• PROBLEM REQUIREMENTS: Copy the final lines exactly, starting at the one that contains "SAG-AFTRA president Fran" and ending with the last line of the listing below. Pictures are not part of the copy.

• INFORMATION PROVIDED:
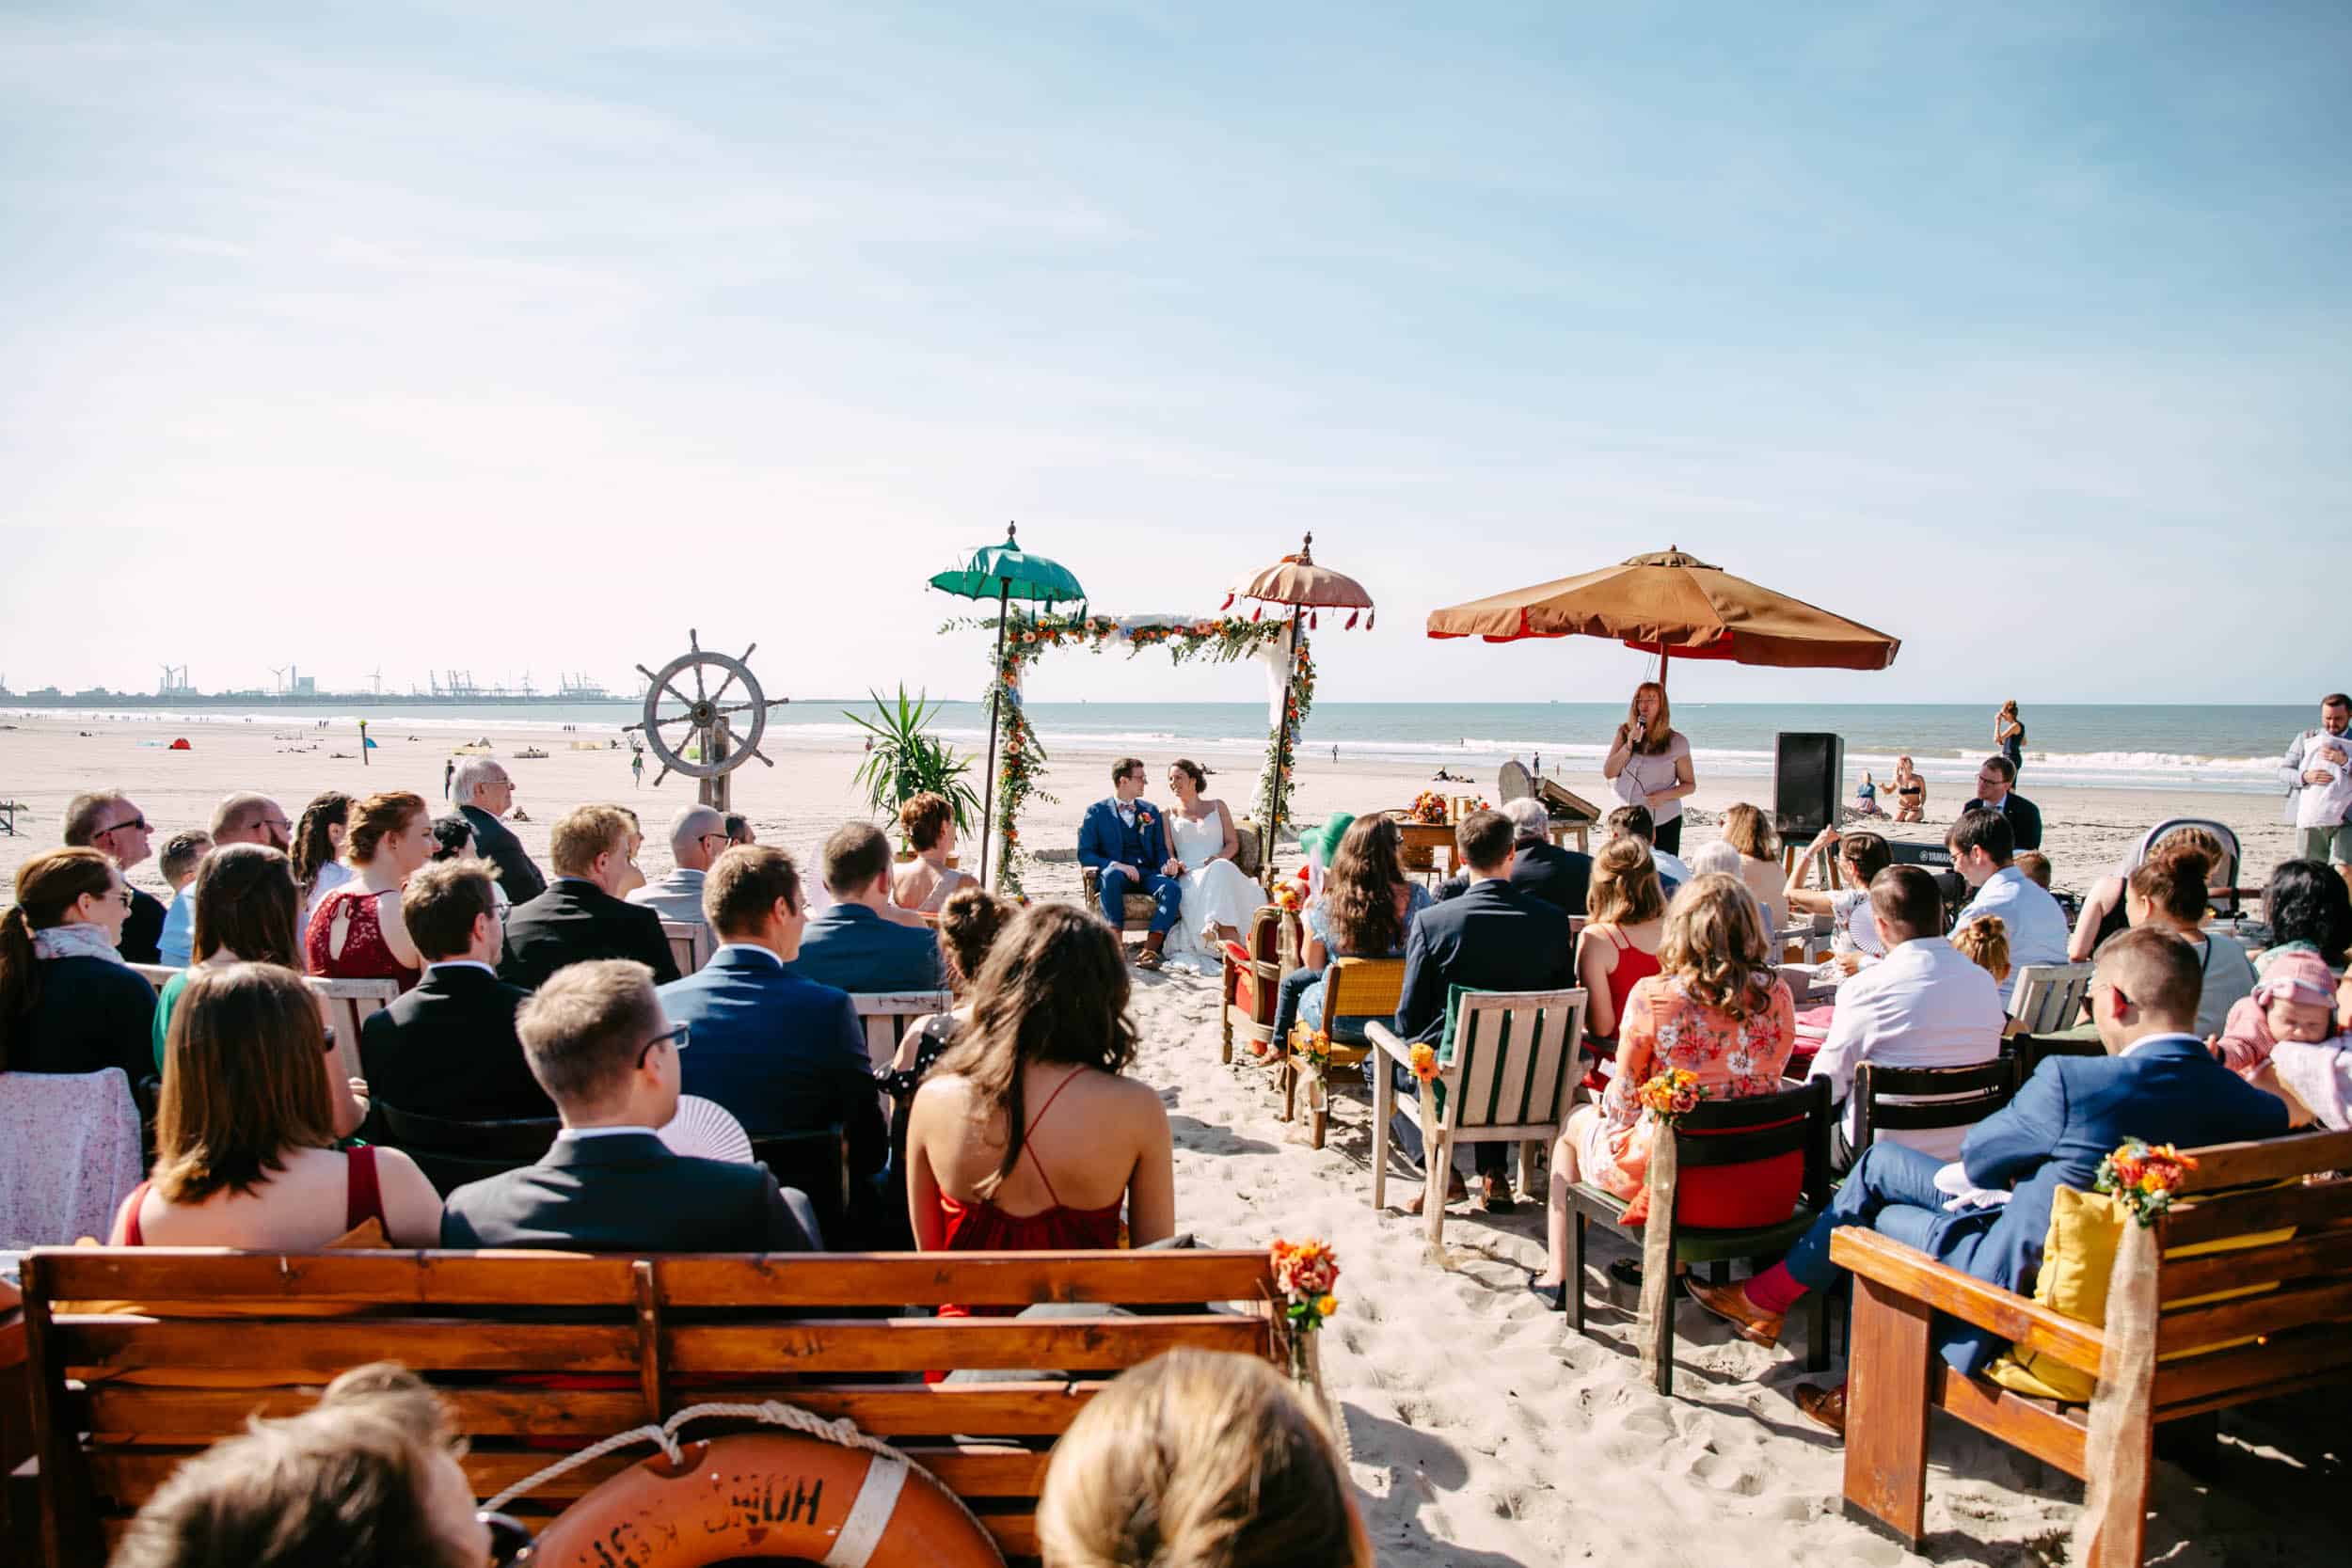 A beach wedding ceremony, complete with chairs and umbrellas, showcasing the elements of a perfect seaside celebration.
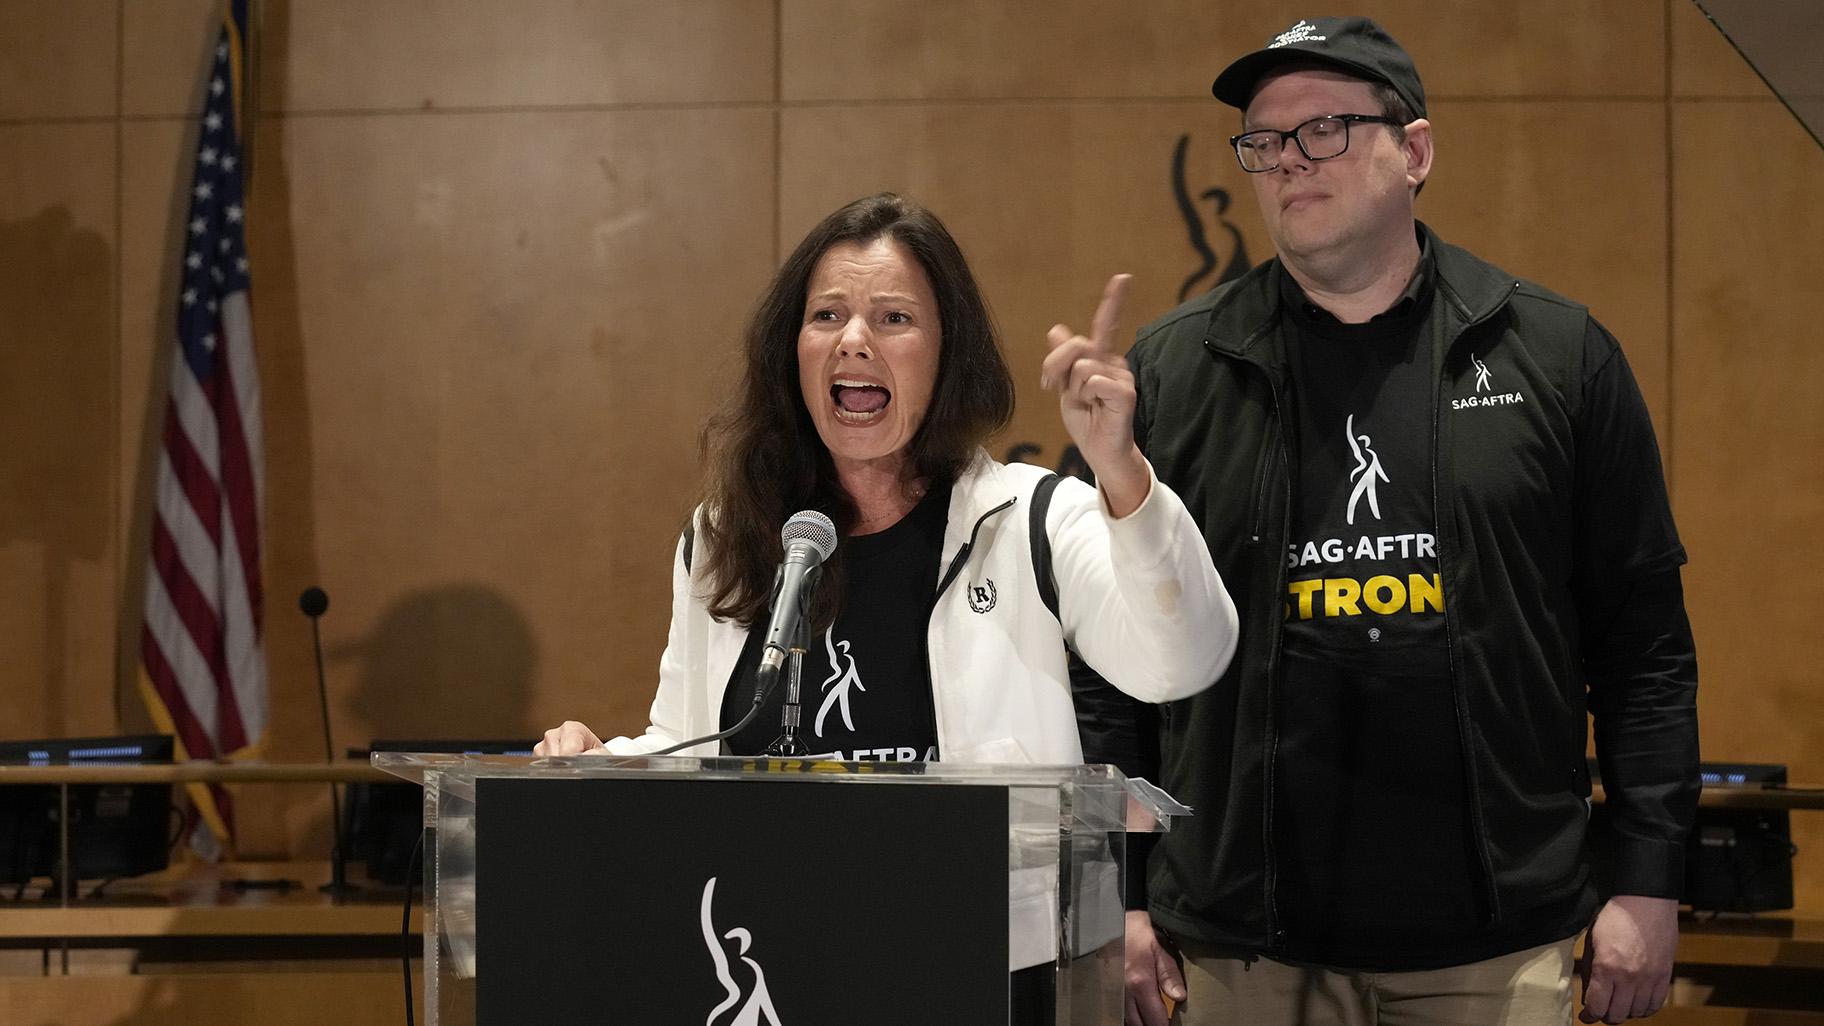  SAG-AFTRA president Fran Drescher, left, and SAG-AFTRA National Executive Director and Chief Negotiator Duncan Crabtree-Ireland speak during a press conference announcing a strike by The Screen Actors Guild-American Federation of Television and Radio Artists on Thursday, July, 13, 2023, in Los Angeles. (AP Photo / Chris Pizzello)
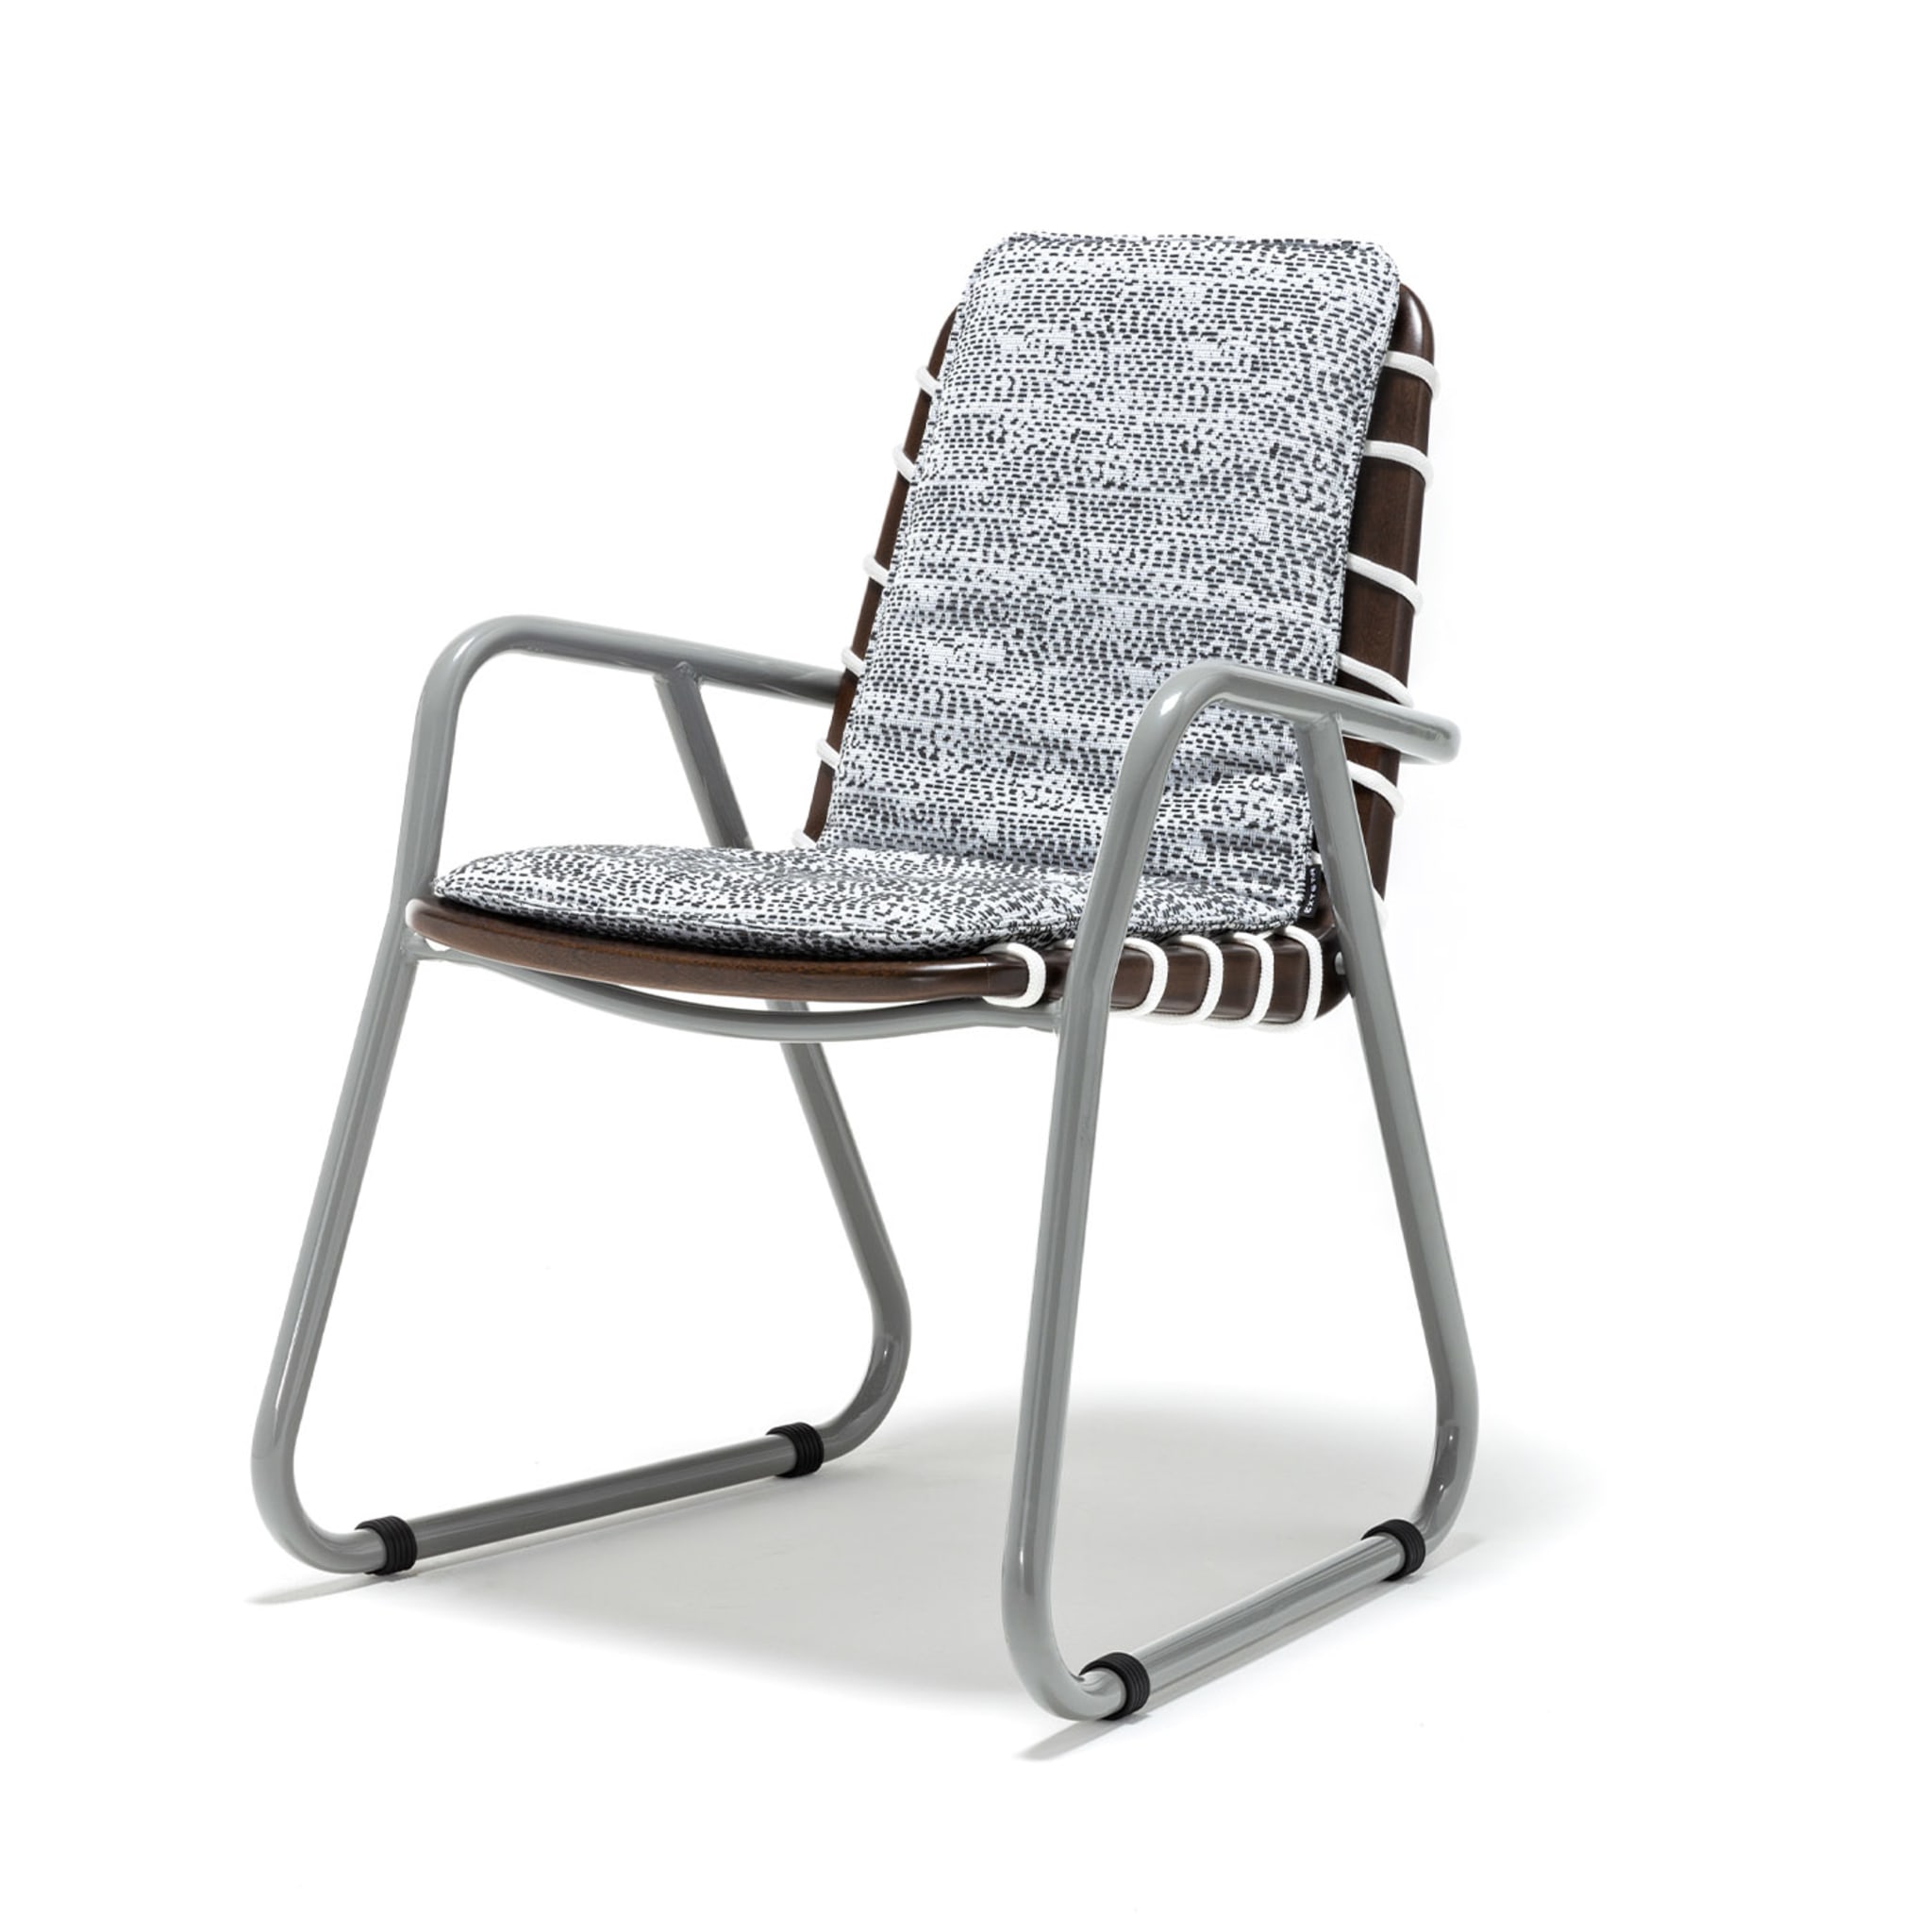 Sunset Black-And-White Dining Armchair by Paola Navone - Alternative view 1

• RESULT FOR THIS TASK:
  SAG-AFTRA president Fran Drescher, left, and SAG-AFTRA National Executive Director and Chief Negotiator Duncan Crabtree-Ireland speak during a press conference announcing a strike by The Screen Actors Guild-American Federation of Television and Radio Artists on Thursday, July, 13, 2023, in Los Angeles. (AP Photo / Chris Pizzello)
 Sunset Black-And-White Dining Armchair by Paola Navone - Alternative view 1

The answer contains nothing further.